Cedo nos apercebemos de que determinados apoios que prestávamos não surtiam o mesmo tipo de efeitos no estreitar das relações, indo, assim, ao encontro daquilo que Mauss (1988 [1950]) referia relativamente ao valor da coisa dada a partir da qual se estabelece a relação. A reciprocidade, ou seja, o modo de trocar bens e serviços de forma aparentemente desinteressada parecia, sobretudo, acontecer quando colocávamos o nosso carro à disposição para deslocações várias ou quando intercedíamos por eles junto de algumas entidades. Fornecer roupa, calçado, alimentação, televisões, leitores de DVD ou CD, telemóveis e rádios que recolhíamos junto dos nossos conhecidos e que desde as primeiras deslocações marcavam

as nossas entradas nos “acampamentos”, não produzia o mesmo efeito, pois tratava-se de ofertas a que estavam mais acostumados. Uma passagem do meu diário de campo, passados quatro meses de trabalho de terreno, evidenciava esta constatação:

“Leila parece ter começado a ganhar mais à vontade para falar comigo, percebendo que as histórias que me interessam são sobre a sua trajectória de vida. Não sei se terá sido o facto de me ter oferecido para a levar a S. João do Estoril no dia de Todos os Santos e ao Bombarral para tratar de uns assuntos com a filha que lá vive que lhe fez perceber que eu poderia ser uma “aliada” nas suas deslocações ou se simplesmente começou a ganhar confiança. Era bom, mas tenho dúvidas. De qualquer maneira conseguimos começar a escrever notas no bloco sem que levantasse suspeitas, embora Leila quisesse que eu olhasse para ela enquanto falava.” (Diário de Campo, 8.11.2006)

A relação de reciprocidade no processo de investigação parecia ser assumida tanto pelos ciganos como pelos investigadores, pois sempre que íamos ao encontro das suas expectativas face à mais-valia da nossa presença, era notório como nos procuravam compensar fosse através de bens materiais126 ou através da manifestação de maior disponibilidade, abertura e

sinceridade em relatarem acontecimentos da história familiar ou pessoal.
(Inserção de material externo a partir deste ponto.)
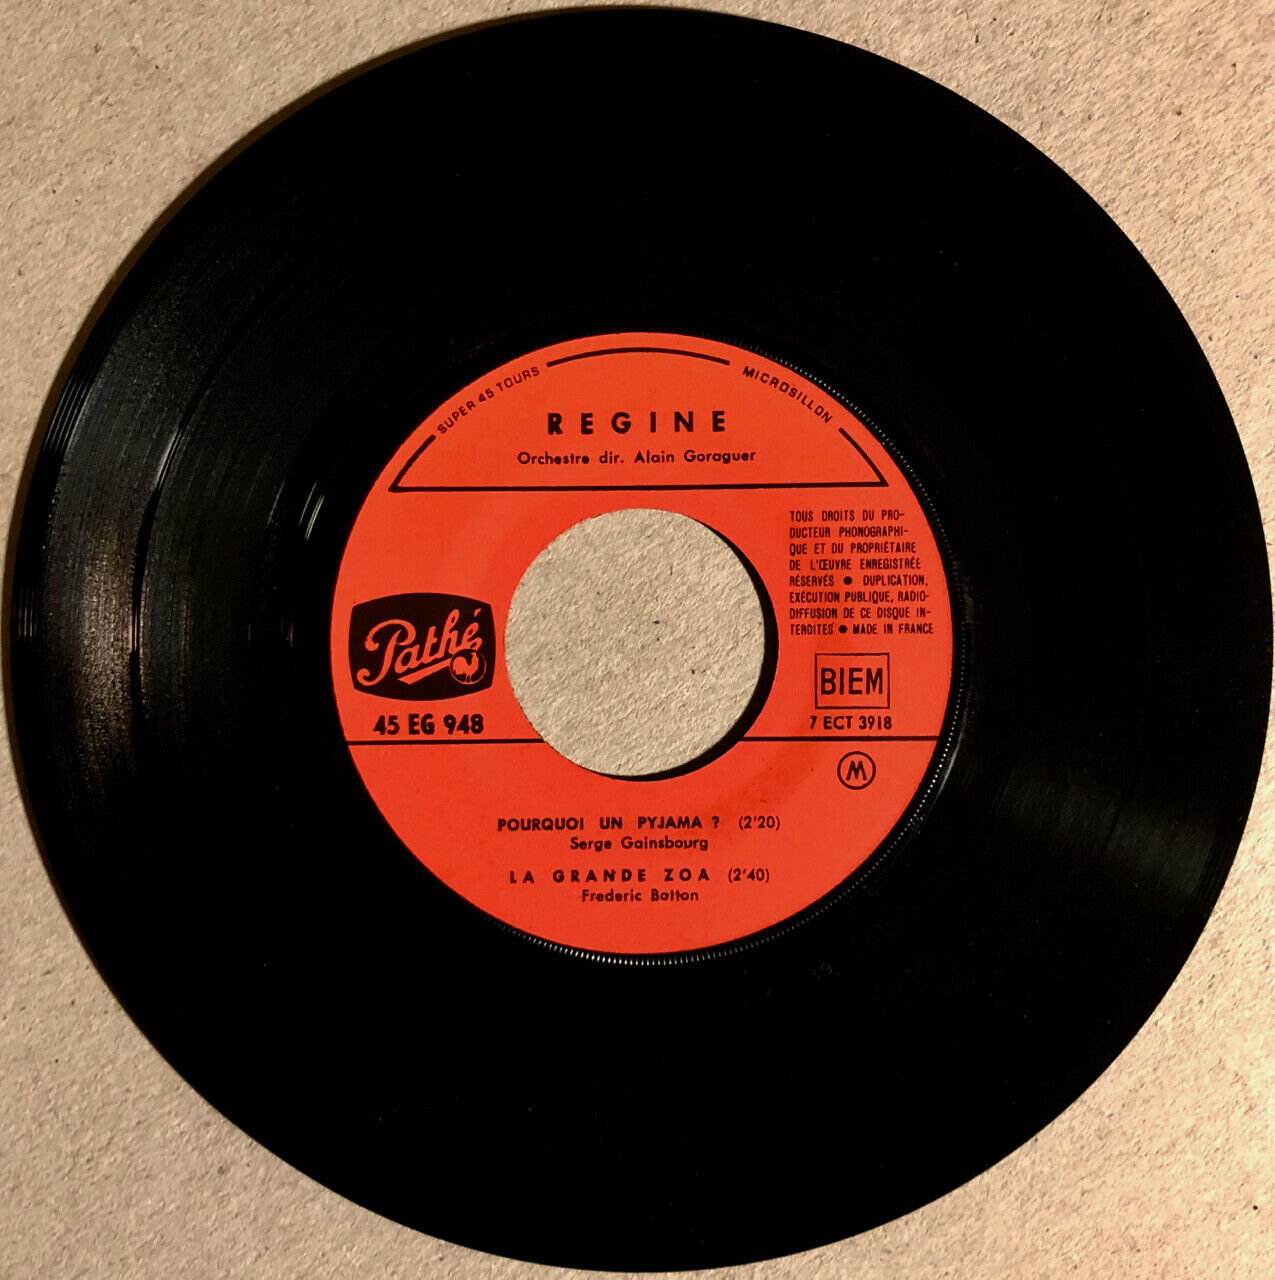 [Gainsbourg]Régine — Pourquoi un pyjama + 3 — EP 45 RPM 7" — Pathé EG 948 — 1966
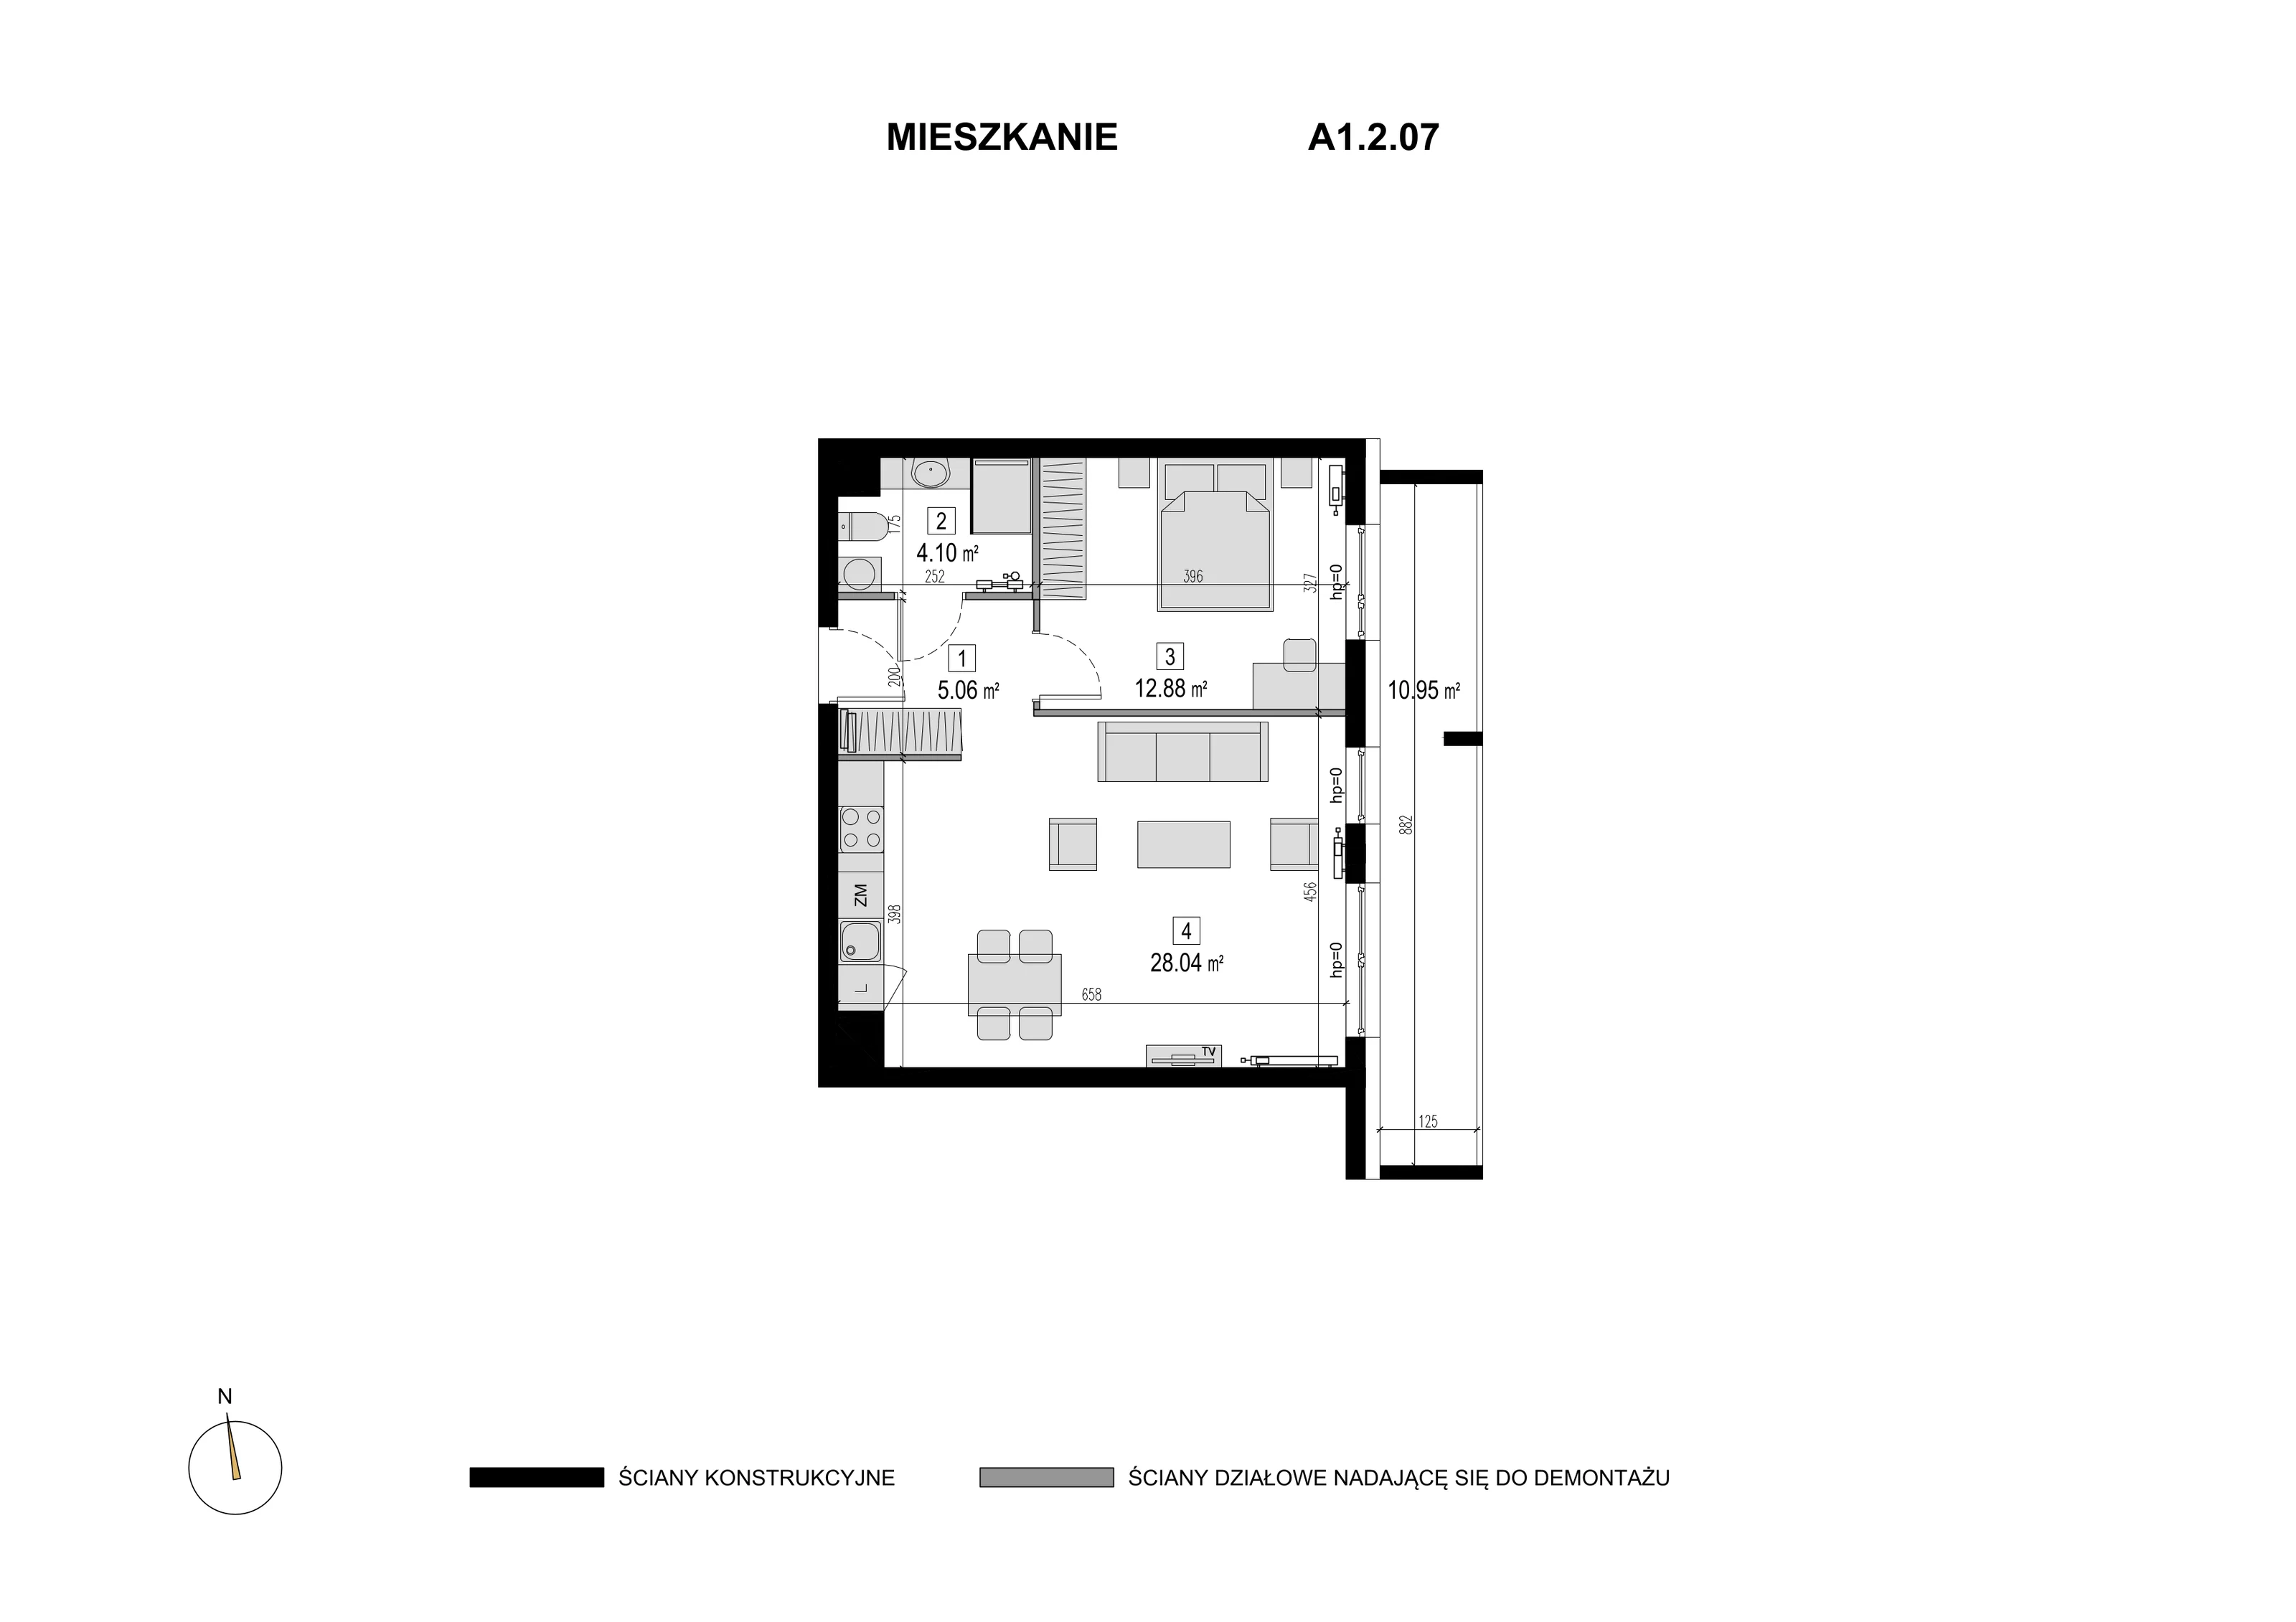 Mieszkanie 50,08 m², piętro 1, oferta nr A1.2.07, Novaforma, Legnica, ul. Chojnowska

Ao longo do trabalho de terreno fomos alvo de várias solicitações que visavam desbloquear impasses existentes entre alguns dos elementos dos acampamentos e determinadas instituições (Segurança Social e Câmara Municipal) ou tão simplesmente descodificar alguns discursos e práticas de alguns dos organismos estatais com os quais tinham encetado contacto (Comissão de Protecção de Crianças e Jovens, Segurança Social, Instituto de Reinserção Social…). No Estudo de Caso B, após três meses de trabalho de terreno junto da família Ramalho Matias, foi-nos pedido para testemunhar em tribunal, já que um dos homens estava indiciado por tráfico de droga num anterior local de residência. Acedemos em testemunhar, revelando aquilo que conhecíamos da pessoa em causa.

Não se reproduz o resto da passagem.